The transport gene module found in RNAs of viral origin identified in the transcriptomes of moss D. scoparium and Antarctic flowering plant C. quitensis represent a conserved array of four overlapping genes named the “Tetra-Cistron Movement Block” (TCMB), which is related to the well-characterized transport modules TGB and BMB, consisting of three and two genes, respectively [1,2,5,7]. The characteristic feature of TCMB is the presence of an additional 5′-terminal ORF, which overlaps the downstream gene for a TGB1/BMB1-related protein and codes for a protein containing a dsRNA-binding domain of the DSRM_AtDRB family (Figure 4). This protein was termed vDRB (viral dsRNA-binding protein). Previously, domains of the DSRM_AtDRB family have never been found in virus-encoded proteins; however, plant viruses have been reported to encode proteins with the dsRNA bonding domains of other families. For example, Sweet potato chlorotic stunt virus (SPCSV, a crinivirus) encodes an RNAse III with conserved dsRNA-binding domain (cd10845) [28,29], whereas the B2 protein of Flockhouse virus (FHV), which can infect both insect and plant cells, contains a dsRNA-binding domain of another type (superfamily cl12995) [30]. Our searches of the most recent plant virus sequence database (https://riboviria.org/ accessed on 26 May 2022) revealed additional dsRNA-binding domains of superfamily cl00054 in ORF2 of beny-like RNAs encoding viral replicase as an ORF1. These include a motif of the DSRM_RNAse_III_family (cd10845; contigs ND_248078 and ND_226011), as well as some other motifs (contigs ND_098871, ND_246367, ND_143889 and ND_142202). These observations demonstrate that dsRNA-binding proteins are encoded by a variety of plant viruses, including those with beny-like replicons.

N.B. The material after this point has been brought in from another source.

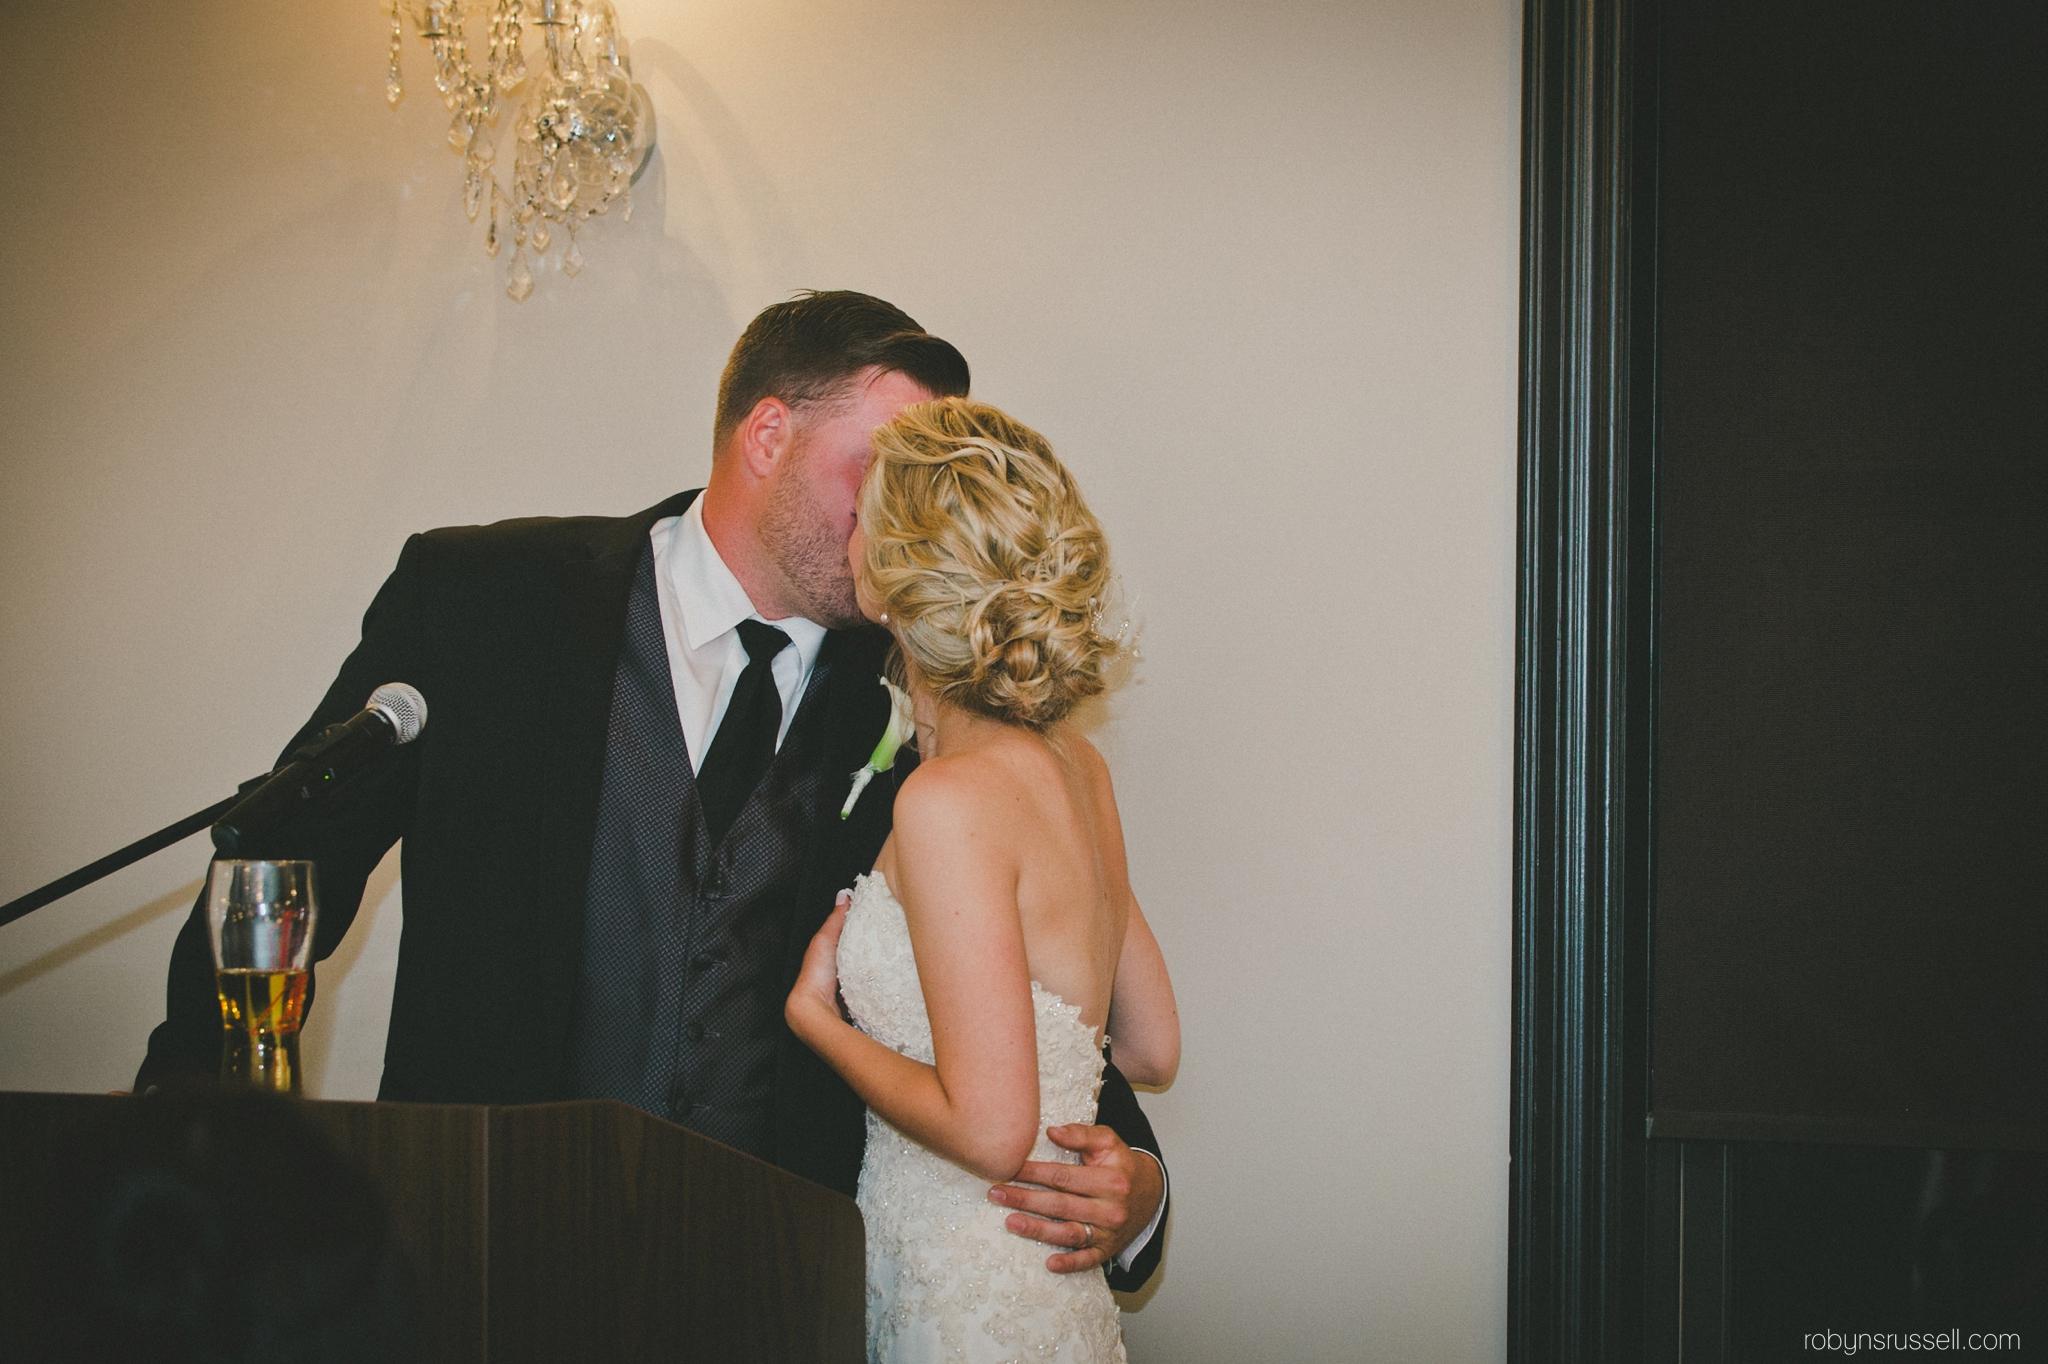 67-bride-and-groom-kiss-after-speech.jpg

In many viruses infecting plant and non-plant hosts, dsRNA-binding domains are found in proteins that play a role in subverting host antiviral responses [31,32]. Particularly, the dsRNA-binding proteins of FHV and SPCSV are shown to be suppressors of RNA silencing [28,30]. Therefore, the vDRB proteins encoded by D. scoparium and C. quitensis viruses may possess a similar activity. As the cell-to-cell movement of Potato virus X depends on silencing suppressor activity of TGB1 protein [33], we speculate that the presumed silencing suppression by vDRB proteins may be related to movement functions of other TCMB proteins. Another possible way of vDRB involvement into virus movement can be hypothesized based on the presence of the N-terminal highly hydrophobic segments likely directing vDRB membrane targeting. The cellular DRB proteins related to vDRB are shown to be incorporated into virus-specific replication membrane compartments [21,22] representing structures often located at the PD orifice and involved in virus cell-to-cell movement [23]. Similarly, the hydrophobic vDRB proteins likely interact with cell endomembranes. Thus, these proteins may be proposed to work in concert with other TCMB proteins to take part in viral dsRNA delivery to and/or retaining in the PD-associated ER membrane-derived replicative compartments [8,24]. In any case, irrespective of the mechanism involved, the proposed functional links between vDRB and proteins directly mediating virus cell-to-cell transport would explain conservation of vDRB in TCMB of viruses infecting distant host species. Additionally, as the cellular vDRB-related proteins of DSRM_AtDRB family take part in RNA silencing pathways, including those involving antivirus defense [14,15], and dsRNA-triggered immunity against viruses [16,21], vDRB may conceivably act a dominant-negative counterpart of respective cell proteins, therefore inhibiting their functions in plant antivirus responses.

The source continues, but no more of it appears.